In an interview with Yedioth Ahronoth, Yisrael Beytenu chairman Avigdor Liberman, the key figure behind efforts to form a unity government, dispelled the fog for the first time and announced that despite his previous declarations, he did not intend to join a narrow government, on either the right or the left.
“A narrow government is a complete failure,” said Liberman. “Netanyahu and Gantz were playing a blame game. I tried to apply real pressure on them, but unfortunately both of them have made a strategic decision not to go to unity, so both parties bear responsibility for another election.”
The die for a new election was cast, it appears, at a meeting on the night of December 3 between Netanyahu and Gantz, eight days before the deadline. The 45-minute meeting failed to break the deadlock. Gantz accused Netanyahu of being focused on his own legal problems and his desire to secure parliamentary immunity from prosecution; Netanyahu accused Gantz of succumbing to pressure by his fellow party member, Yair Lapid, who opposes sitting in a government with Netanyahu.
Prior to the meeting, the leadership of Blue and White, Lapid and Gantz, and the two other former IDF chiefs of staff, Moshe Ya’alon and Gabi Ashkenazi – collectively known as “the Cockpit” – had been split. Whereas Gantz had been willing to explore a possible rotation agreement with Netanyahu, Lapid and Ya’alon, who have both served in governments under Netanyahu, argued that he cannot be trusted, and whenever it suited him he would find an excuse to break up the unity government before Gantz could assume the premiership.
Gabi Ashkenazi reportedly fell somewhere in the middle, suspicious of Netanyahu but willing to examine his proposals for avoiding another election.
But the meeting on December 3 convinced Gantz that Netanyahu was not serious.
Days ahead of the deadline, Netanyahu called for a direct election of the prime minister as a way of averting another election.
“There is one more thing that can be done to avert an unnecessary election – to hold a direct election for prime minister between Benny Gantz and me,” said Netanyahu. “Blue and White says that it knows what the people want, so I am in favor of the people deciding and no one else – including the media.”
However, Blue and White dismissed the proposal as another spin from the prime minister.
“Changing the election system in a snap proceeding is liable to put us back in the exact same place that we are today, and this is therefore a hollow proposal whose only goal is to divert the fire from Netanyahu, the defendant in three major corruption cases, who is the only person responsible for dragging Israel to an election for a third time,” Blue and White responded.

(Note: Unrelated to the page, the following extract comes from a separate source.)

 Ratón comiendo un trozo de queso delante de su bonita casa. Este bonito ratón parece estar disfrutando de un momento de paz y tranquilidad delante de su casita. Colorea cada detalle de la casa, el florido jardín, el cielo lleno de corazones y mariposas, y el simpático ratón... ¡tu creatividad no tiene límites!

With an election looming, the internal battle in the Likud heated up with Netanyahu loyalists turning on the challenger, former education minister Gideon Sa’ar, who was labeled a “traitor” for demanding a primary to elect the Likud leader.

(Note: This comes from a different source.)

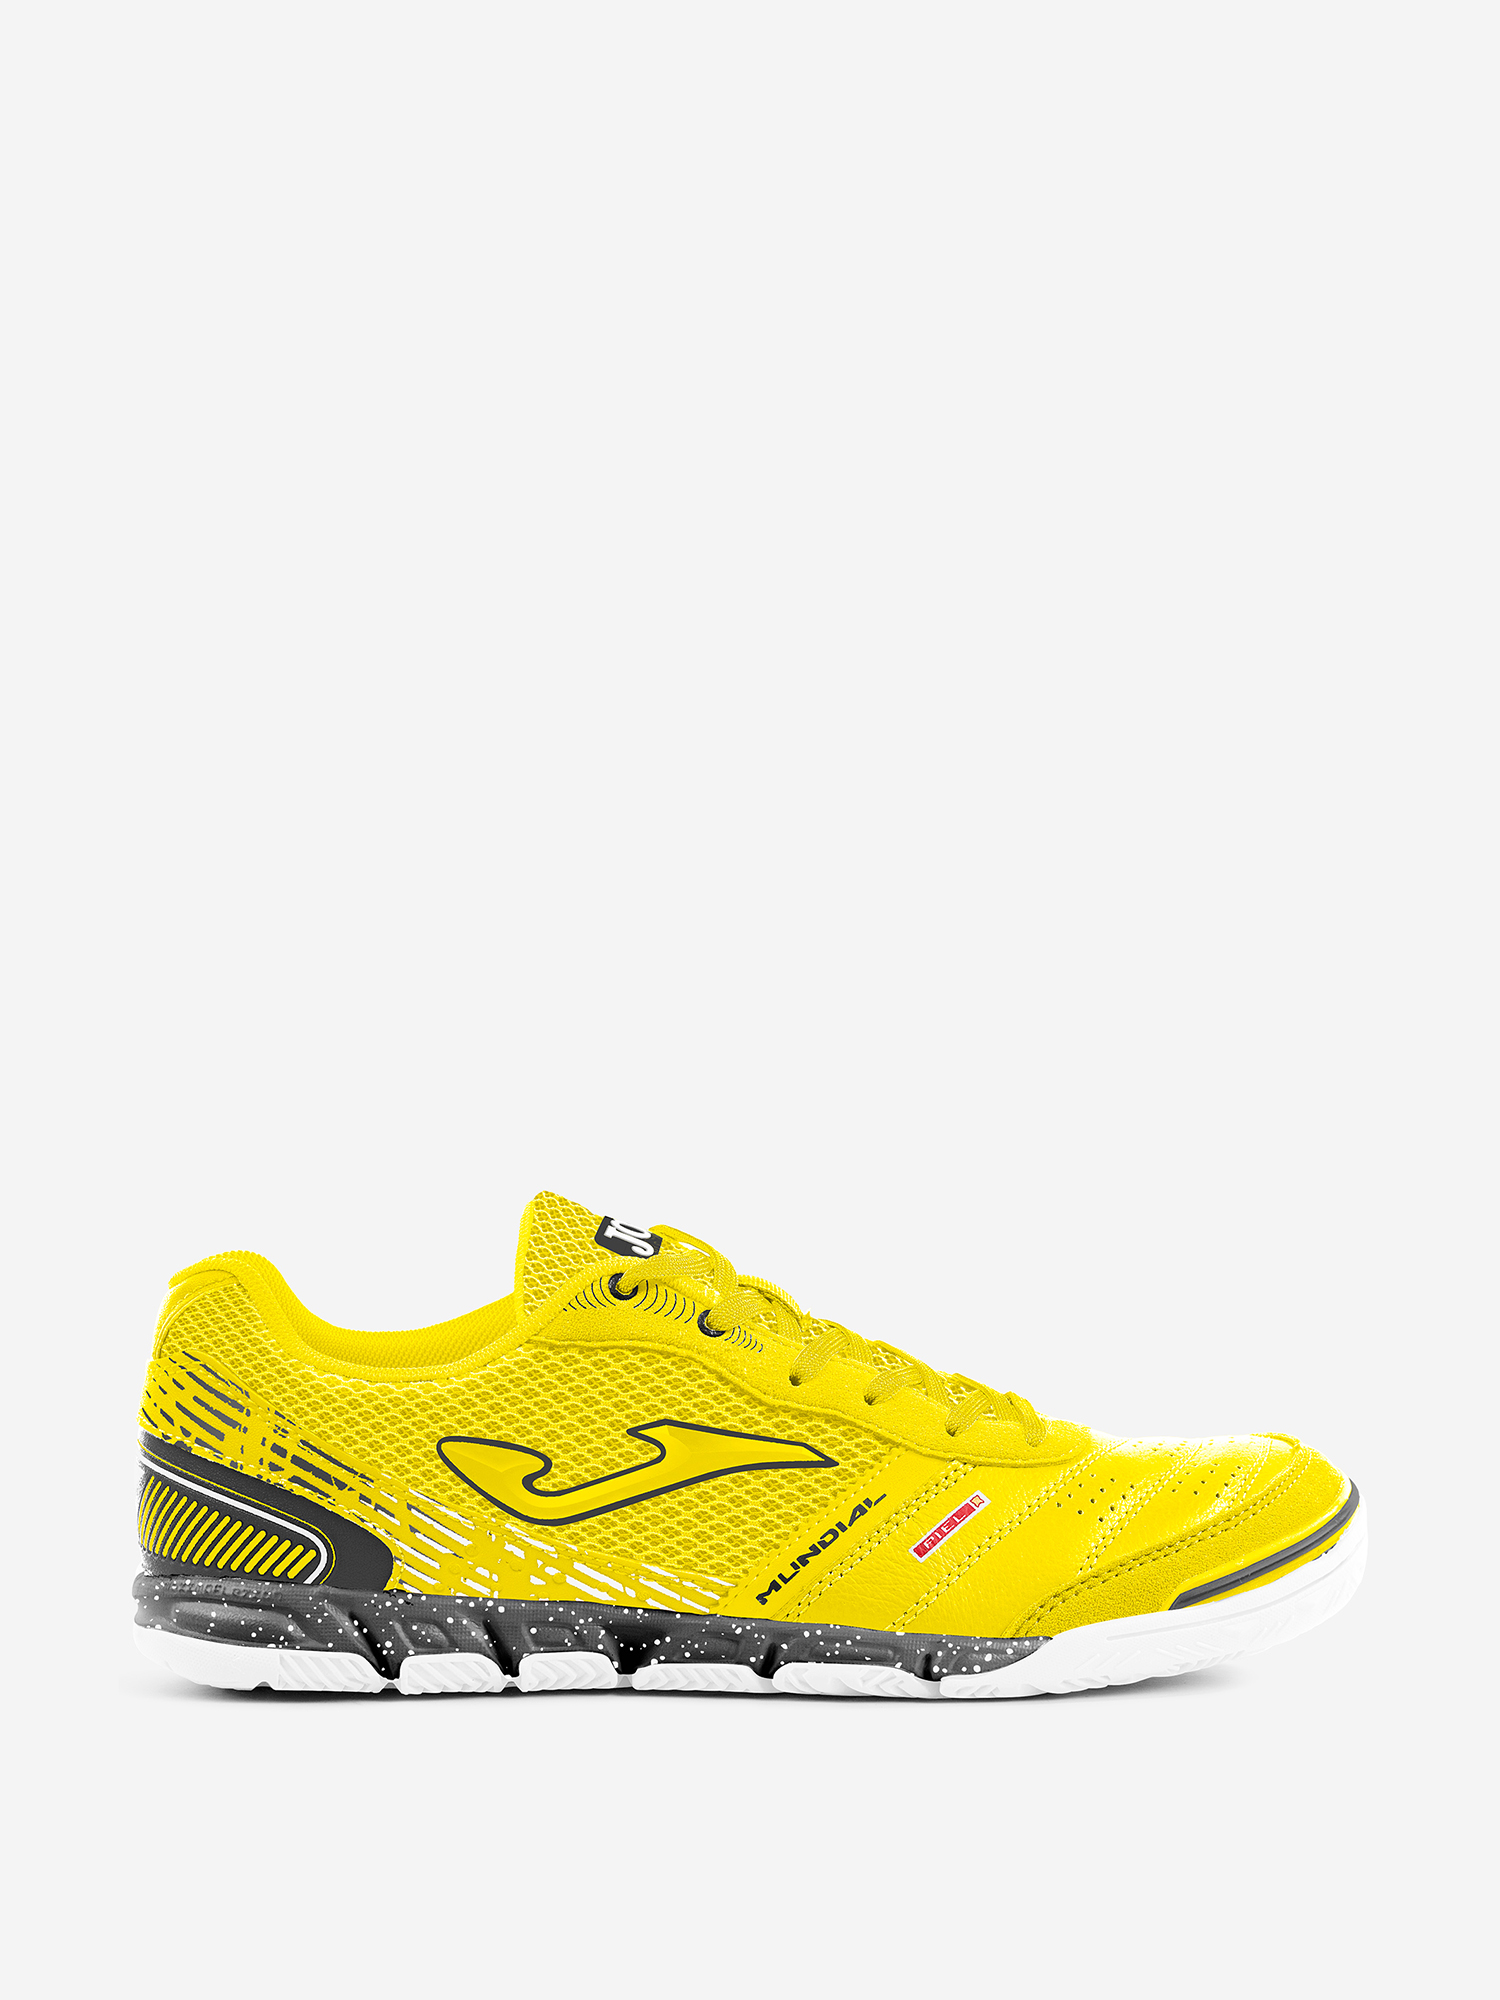 Футзальная обувь Joma MUNDIAL, Желтый футзальная обувь joma mundial желтый

“If Netanyahu continues to lead the Likud, either the country will remain stuck and nobody will be able to form a government, or we will hand over power to our political rivals,” Sa’ar warned. “The incitement against me, to an extent never seen before in the country, comes directly from the prime minister.”
Several Knesset members and others were reportedly examining the possibility of securing clemency for Netanyahu in exchange for his consent to leave politics – a development that if it fell before the December 11 deadline would allow a unity government to be formed and would avert another election.
It is entirely possible that the election next year will also result in a political stalemate. The decision by Attorney General Avichai Mandelblit to indict the prime minister failed to produce a dramatic shift in voting intentions, according to the polls. The Likud is down slightly and Blue and White is up, but if the right-wing and religious bloc remains firm, it still appears that Benny Gantz will have an uphill task to form a stable coalition.
Netanyahu believes that all is not lost, and the Likud, along with the New Right led by Naftali Bennett and Ayelet Shaked, and Bayit Yehudi, led by Rabbi Rafi Peretz and Bezalel Smotrich, running separately, will be able to ensure that no potential right-wing votes go to waste.
However, an increasing number of Likud members fear that a third election is liable to jeopardize the right wing’s hold on power, even though the only person who has dared to go public has been Gideon Sa’ar.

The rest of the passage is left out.